Probably the biggest thing is that I decided that I won't be as accepting of everything. A few years ago I was a hard lined SJW. I was very picky about word choices, even if they weren't meant to be offensive. But, as I've spent less time online, and have had a period of relaxation from all the stress I endured in college, I've gotten less picky about things.
Not that I'm some anti-SJW type now listening to Ben Shapiro or anything. But, I guess you can say that I'm less woke. I remember there being arguments about using "stupid" and "crazy" to describe certain things and how that can be offensive to nuerodivergent people. I think that's a dumb conversation to have, but two years ago I would have tried to take those words out of my vocabulary (in fact I think that's exactly what I tried to do).
There's other stuff like people using "bat/batself" as pronouns, or "neopronouns," or people saying how "folx" made them feel included. I think there was a part of me that found that a little weird, but now I can finally admit to myself that it is ridiculous.
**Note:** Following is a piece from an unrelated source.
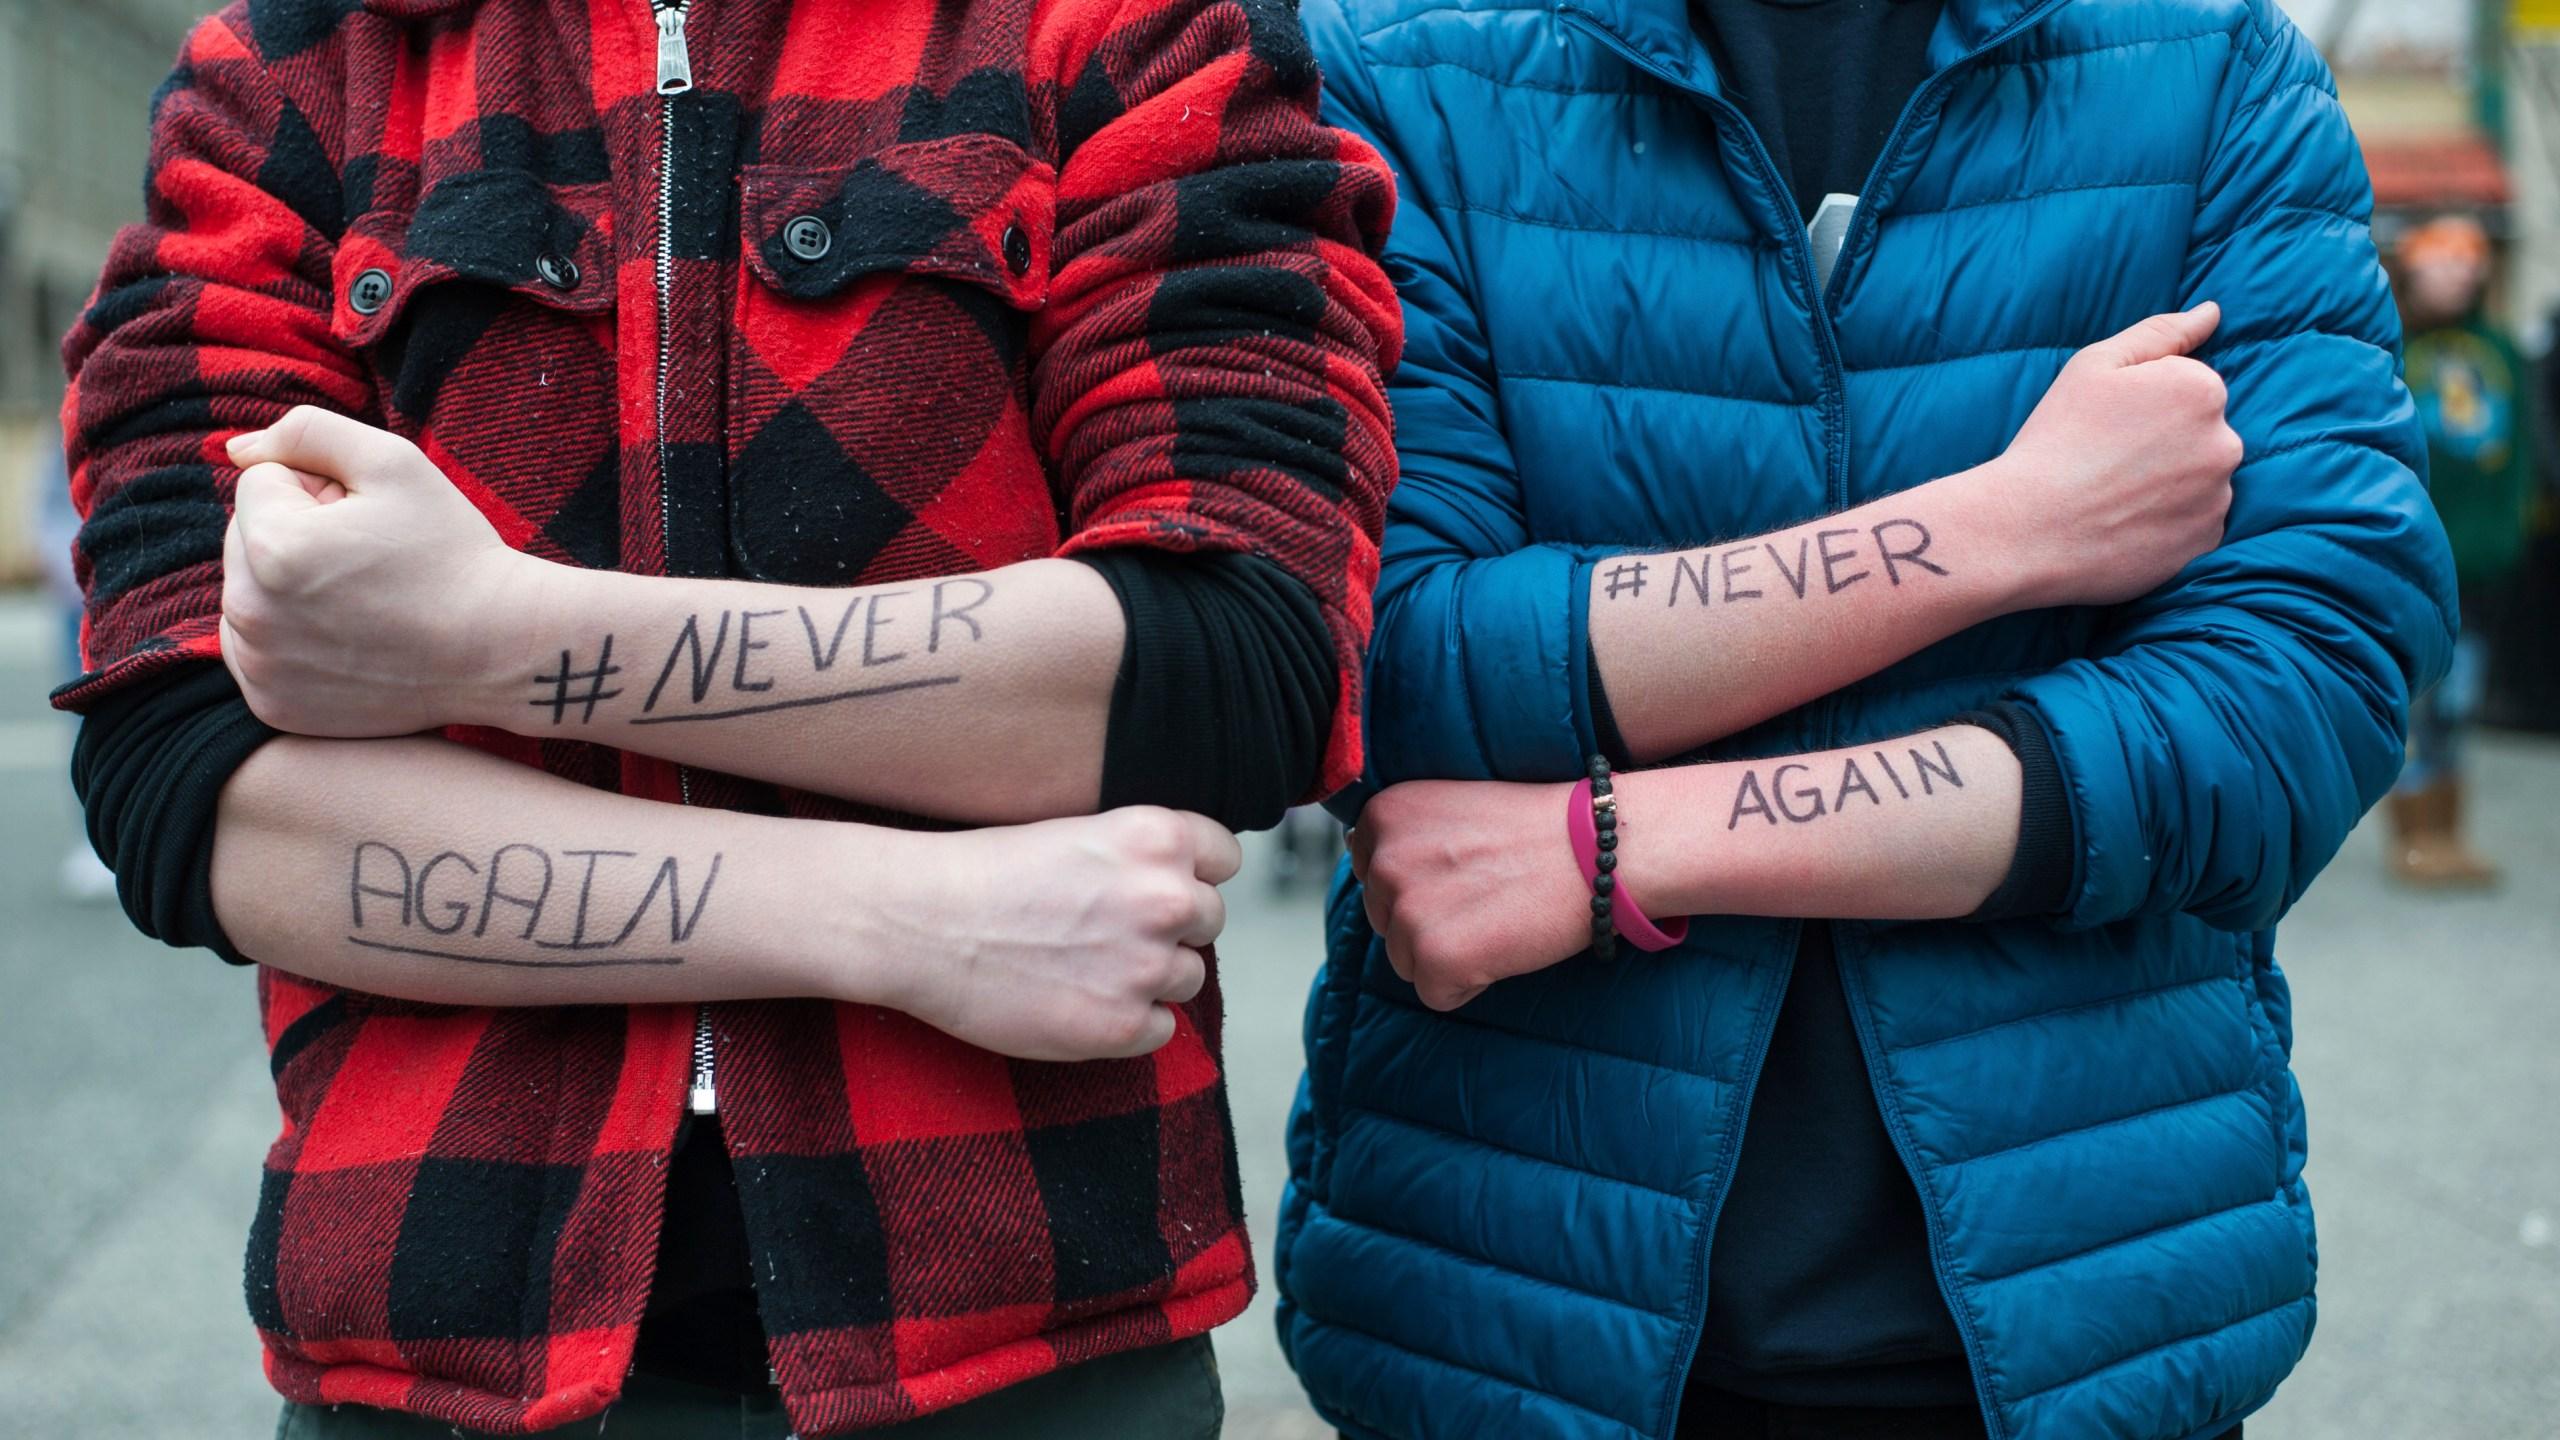 Student_Walkouts_Gun_Violence_Pennsylvania_13235-159532.jpg26273089

The most ridiculous stuff out there are people who think they're witches, or the new age revival of Astrology. The frustrating part is when people tie these things to feminism, and how if you find these things embarrassing and cringe-inducing you're a sexist bigot (in certain corners of the internet anyway). I always found that stuff ridiculous, and I think that was the starting point. When I would hang around leftist twitter there was an abundance of these types of people, and I felt forced to be accepting of them. Logging off made me realize that this is not what most people are like, so I felt relieved about that. I felt relieved to be around normal people for a change.